• _Task_:
Starting at the line that contains "Christian Dior <br>", write out each line through the end of the data below, exactly as it stands. Skip any pictures.

• _Provided data_:

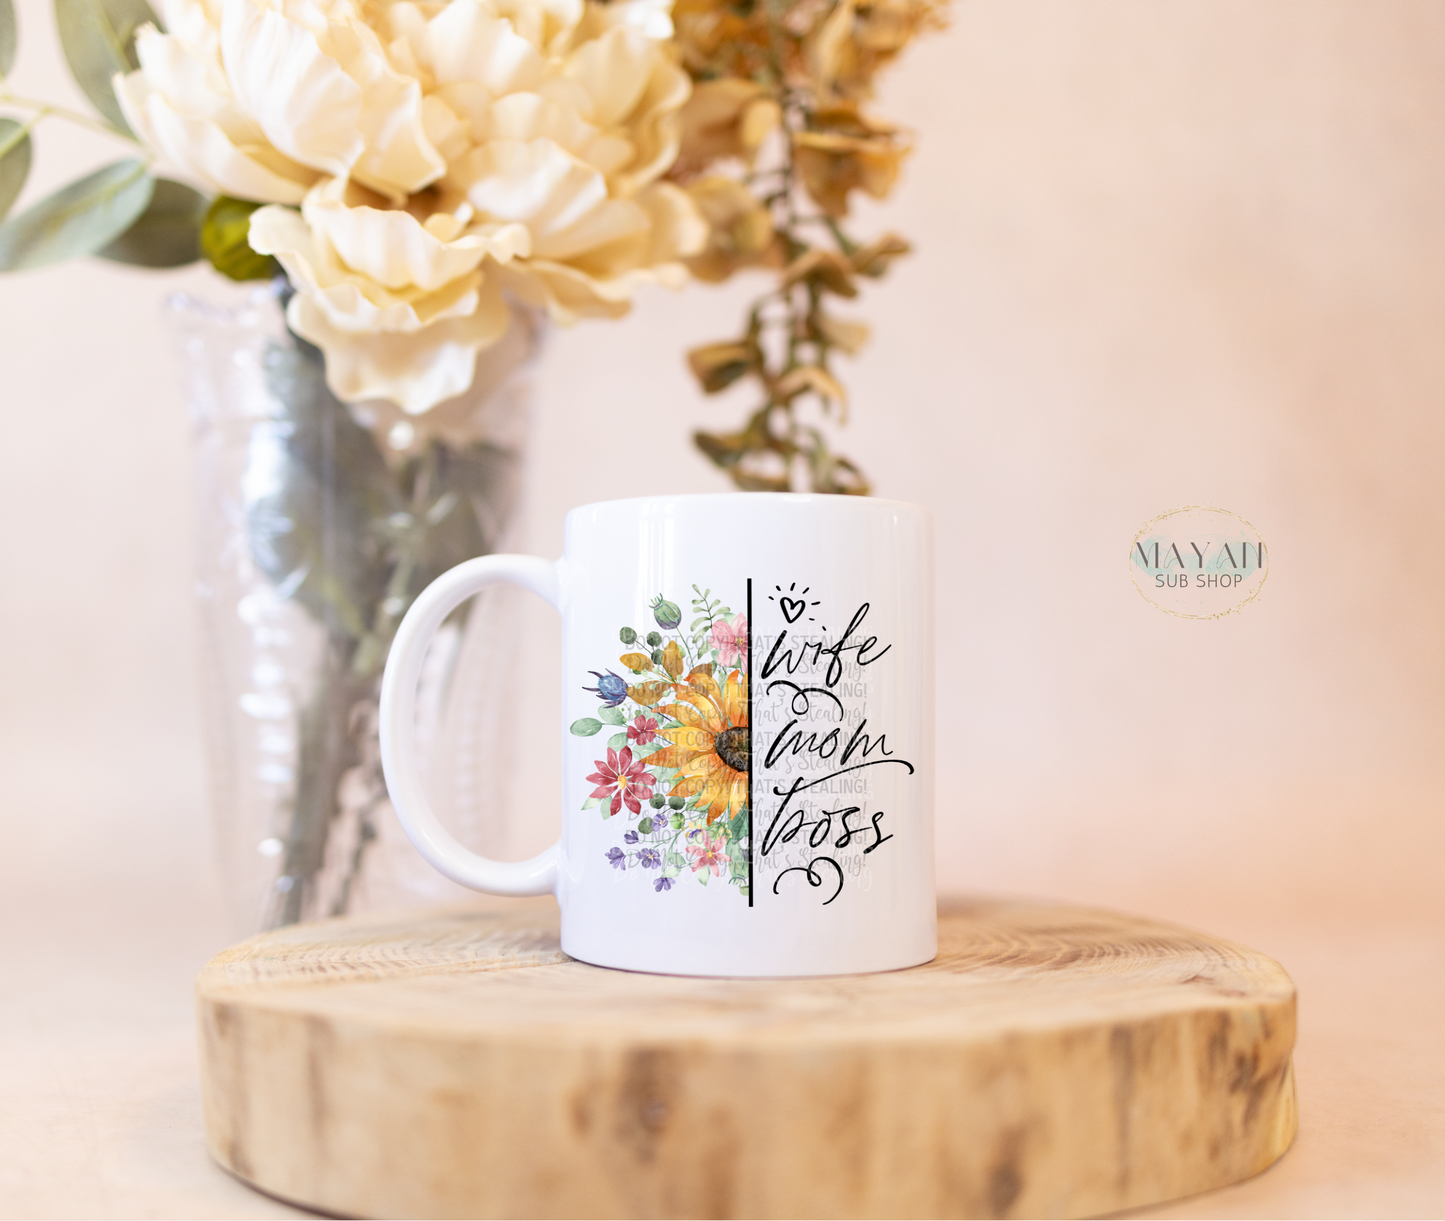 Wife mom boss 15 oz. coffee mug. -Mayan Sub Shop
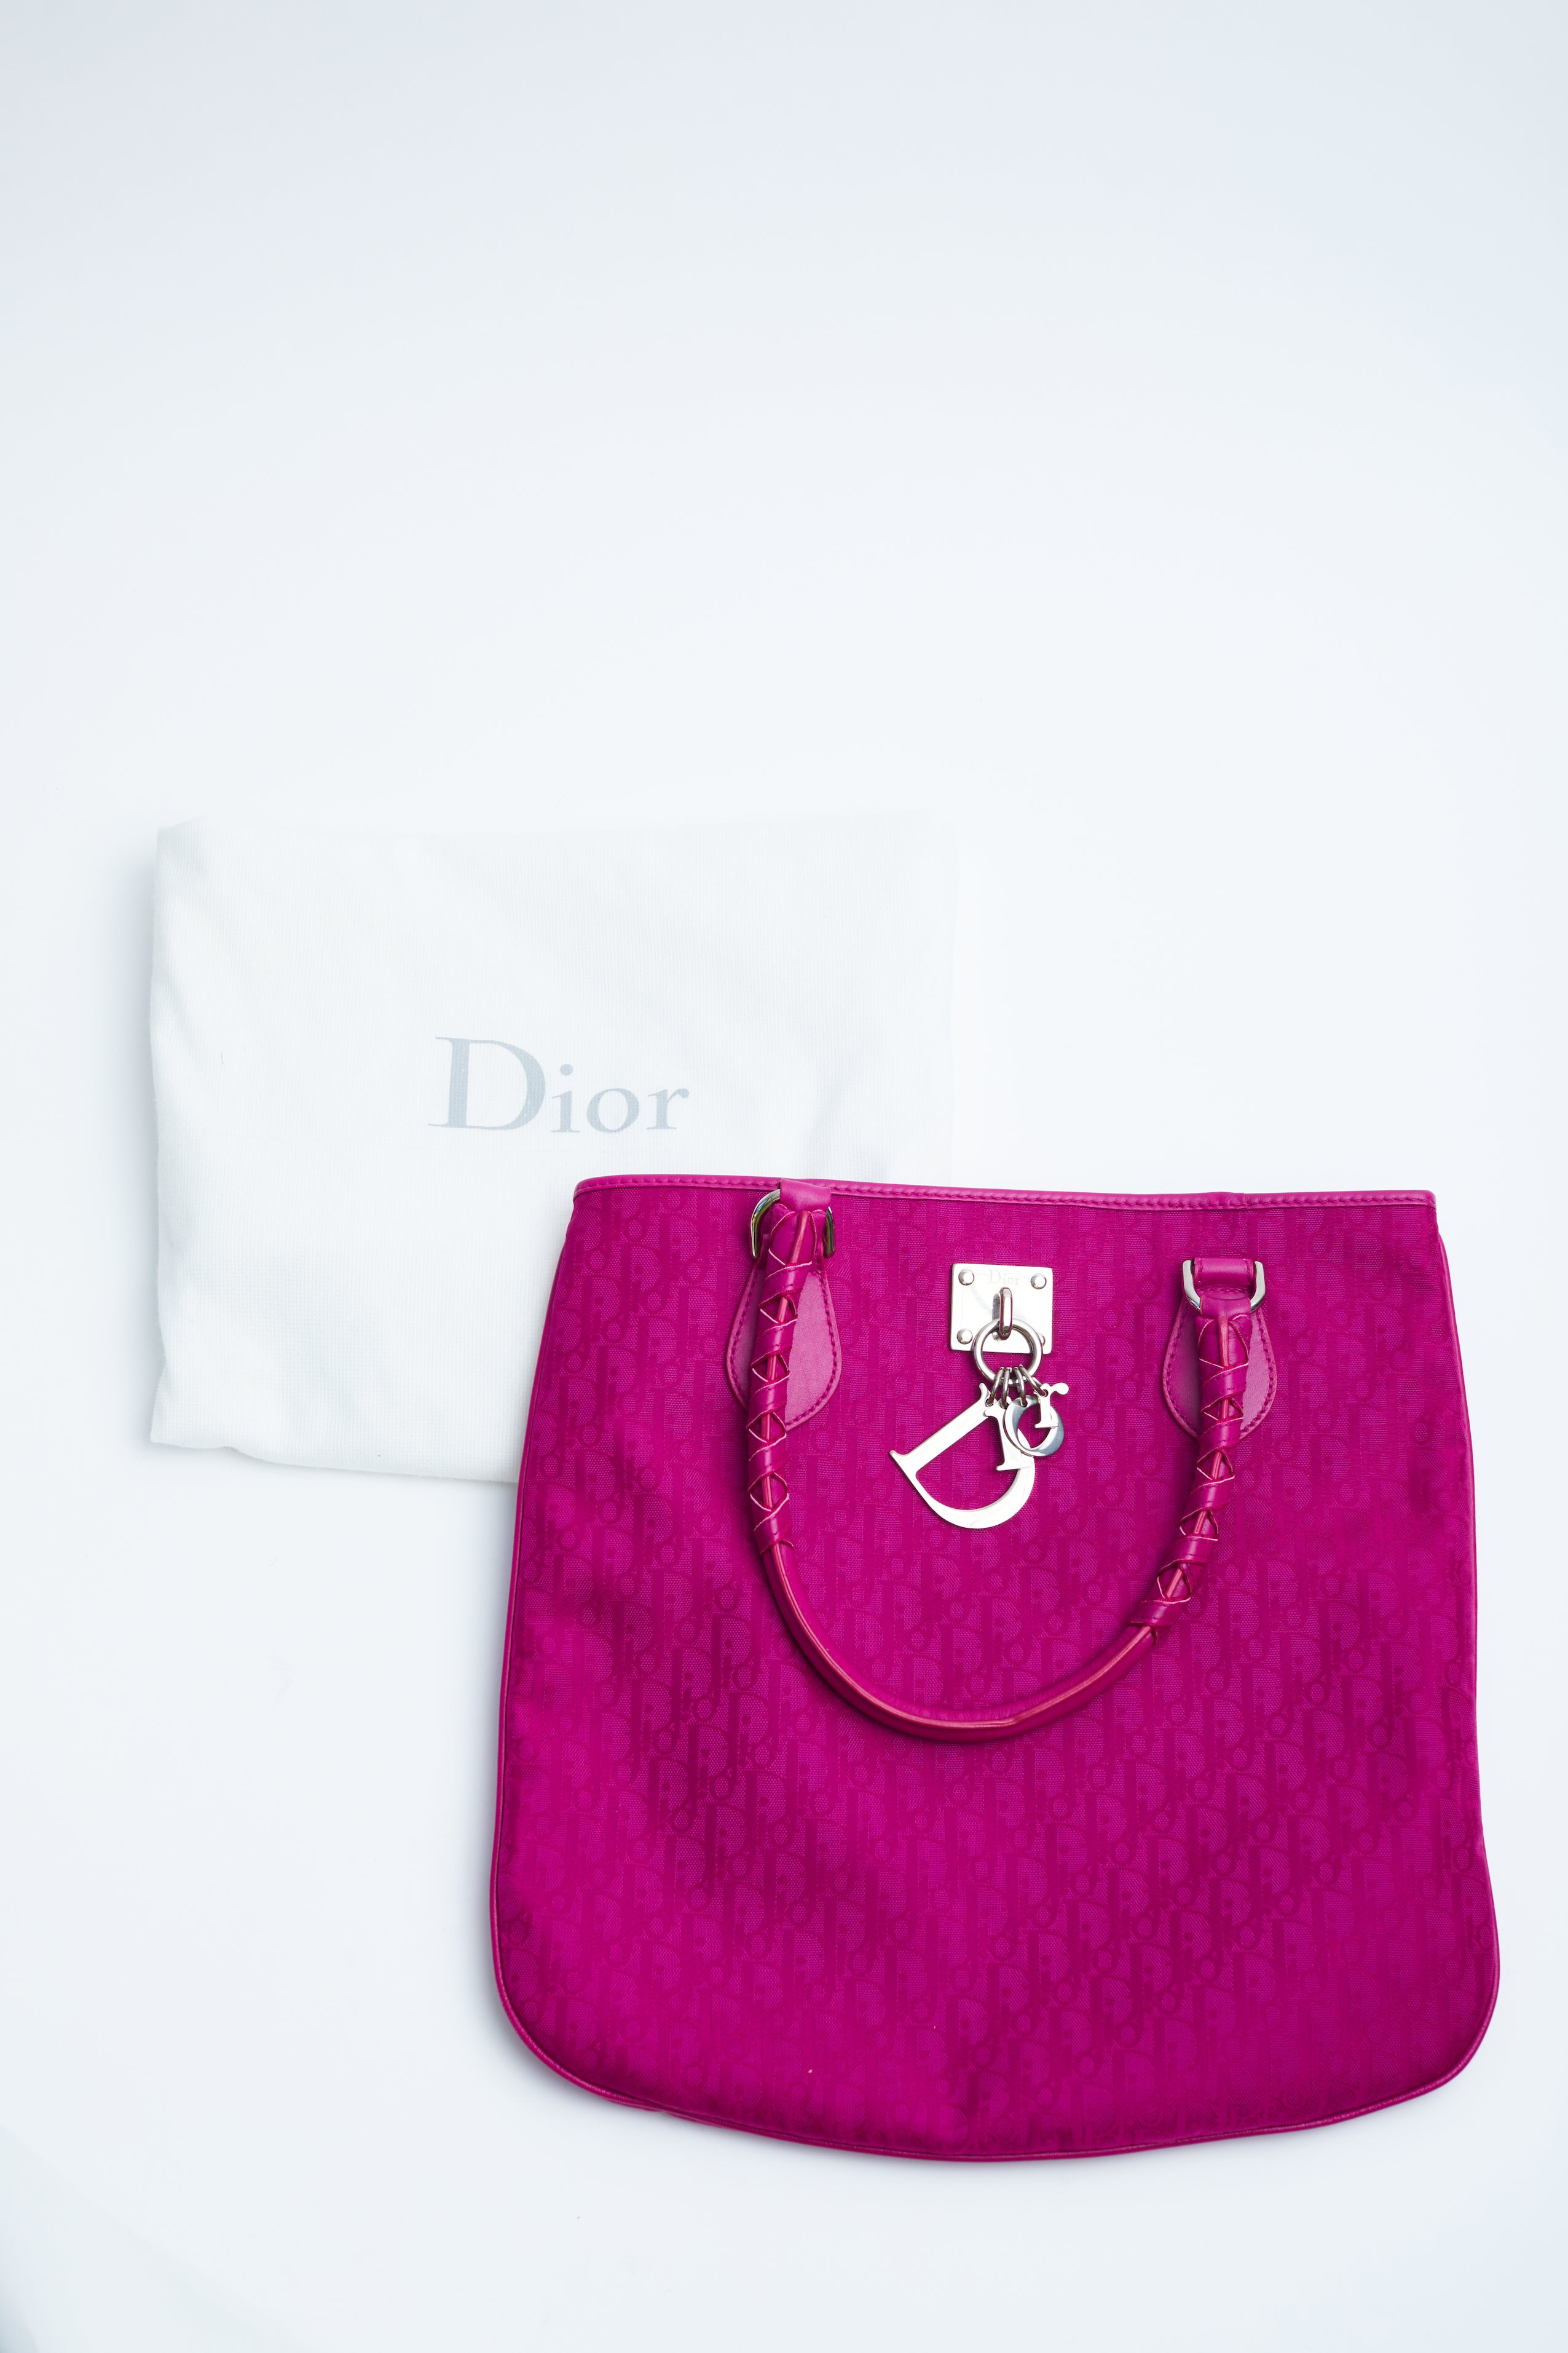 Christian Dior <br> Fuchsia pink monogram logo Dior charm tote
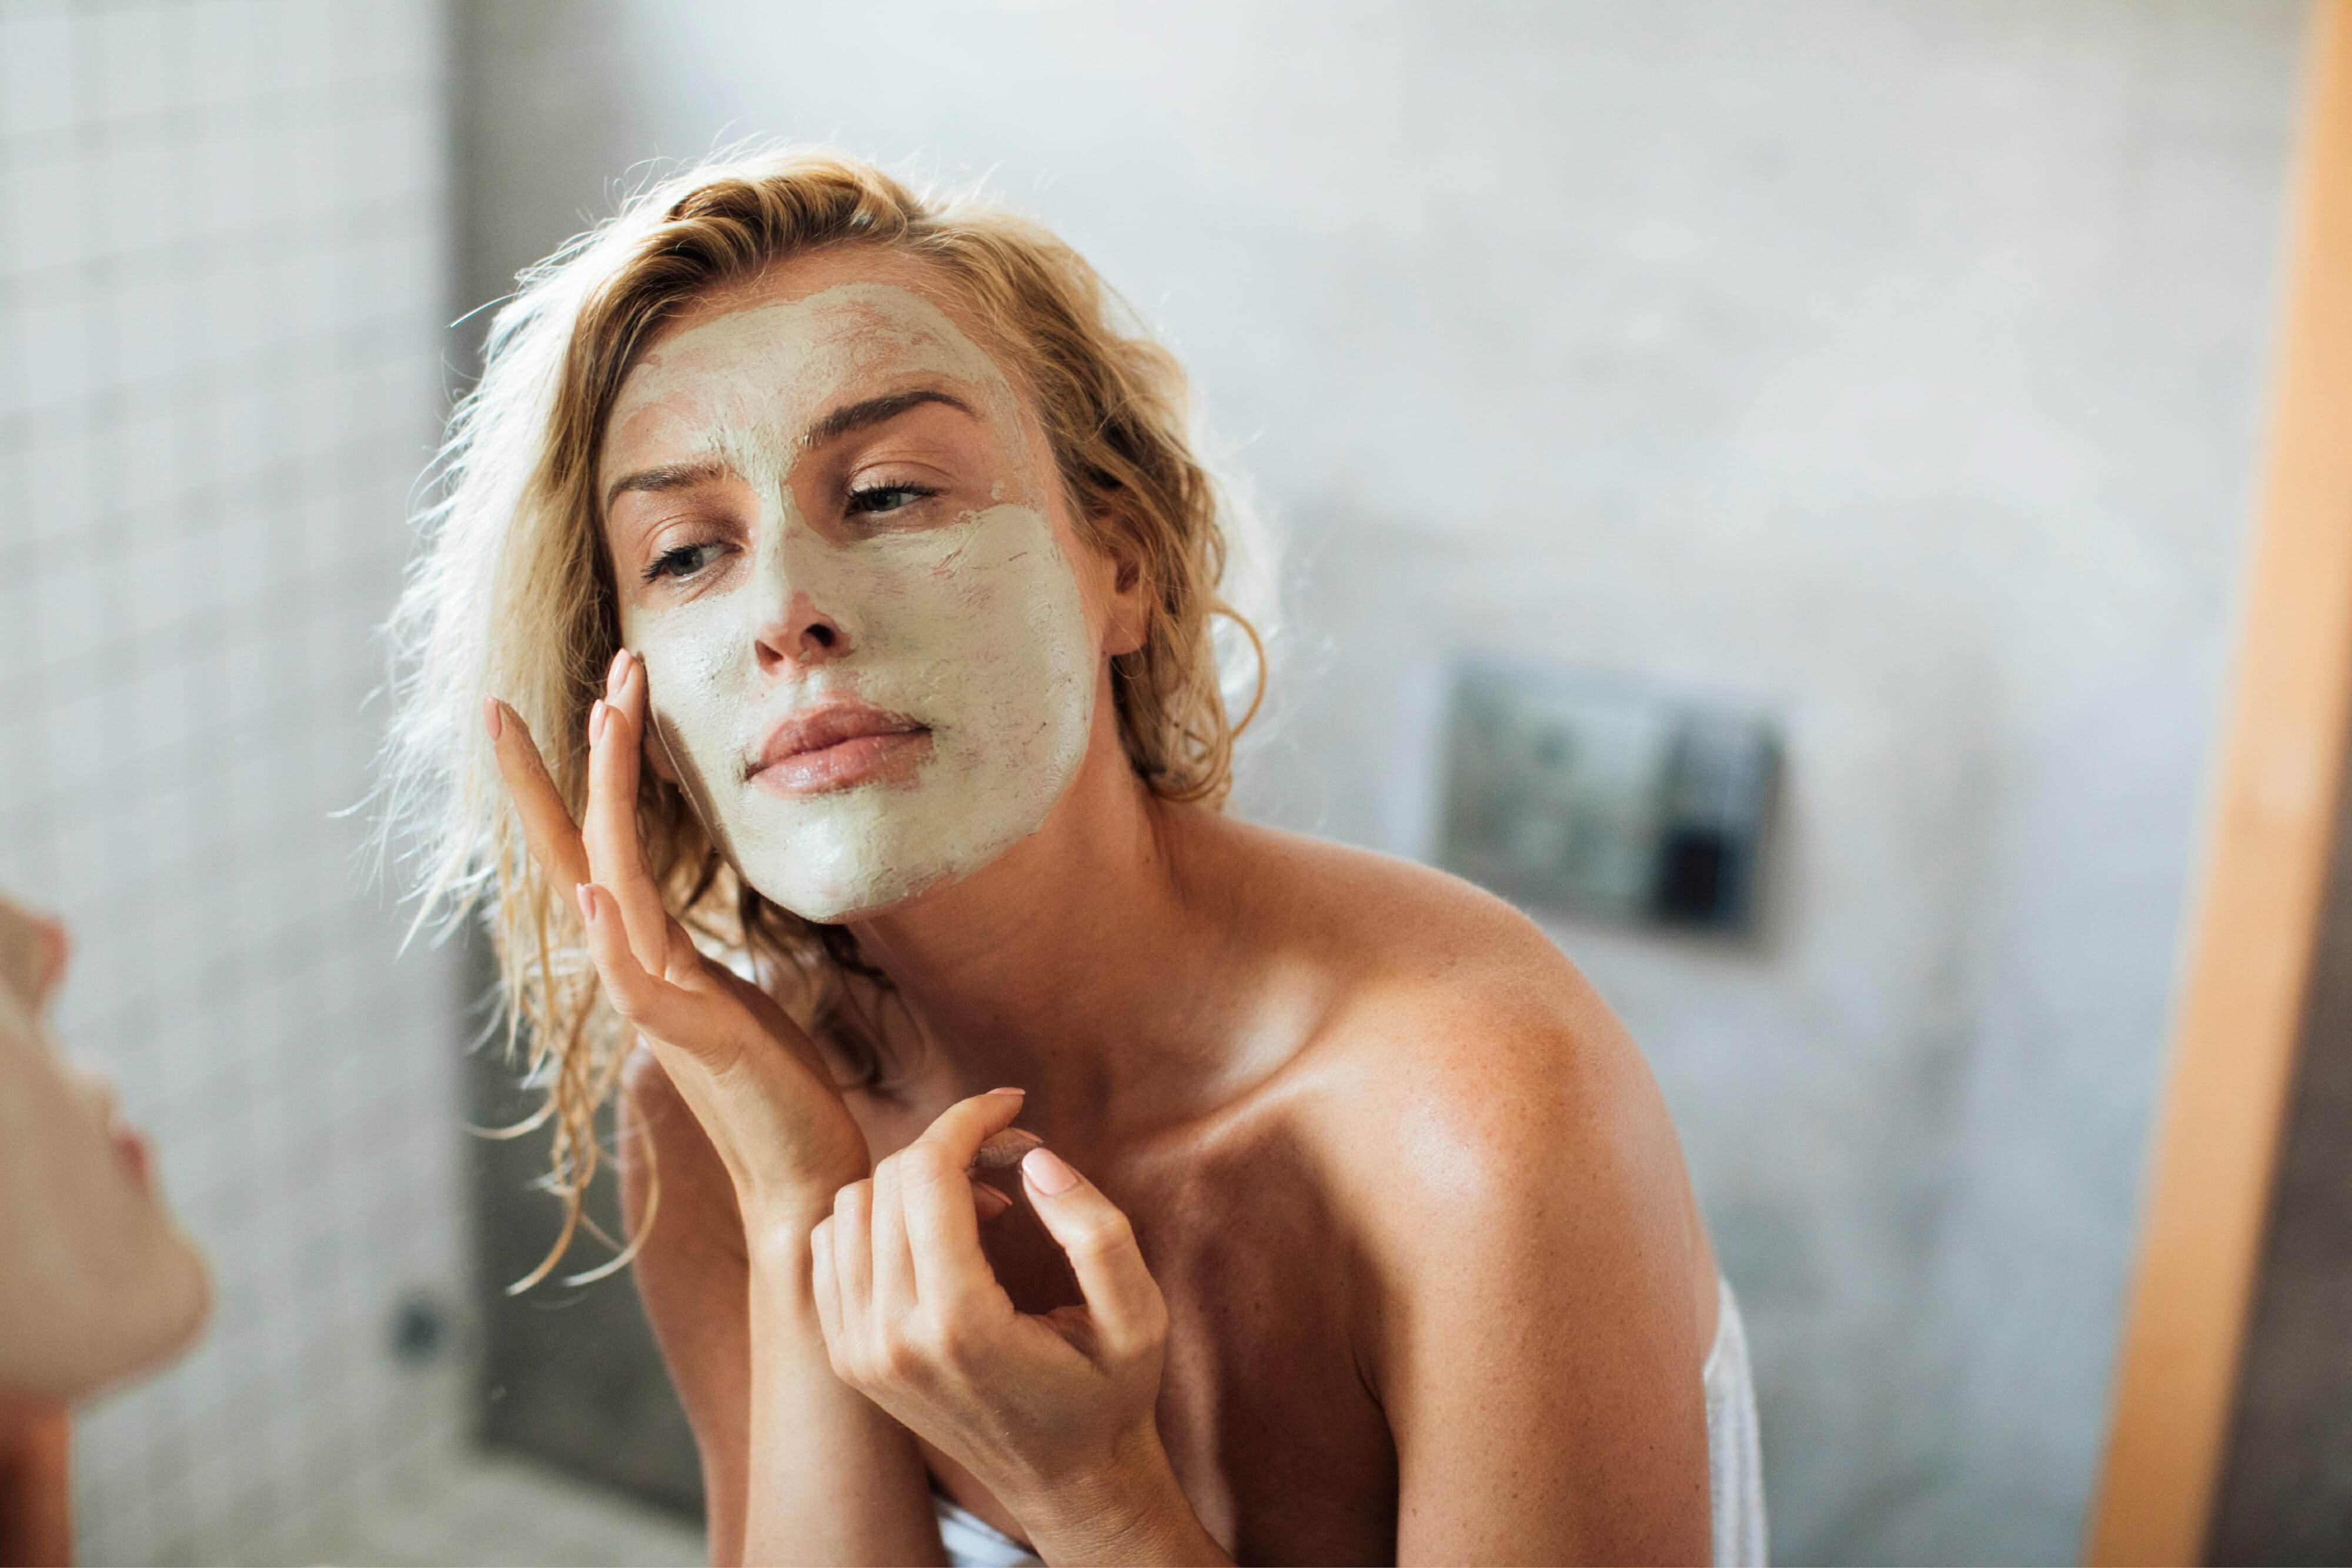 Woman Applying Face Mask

• _Final answer_:
 Christian Dior <br> Fuchsia pink monogram logo Dior charm tote
 Woman Applying Face Mask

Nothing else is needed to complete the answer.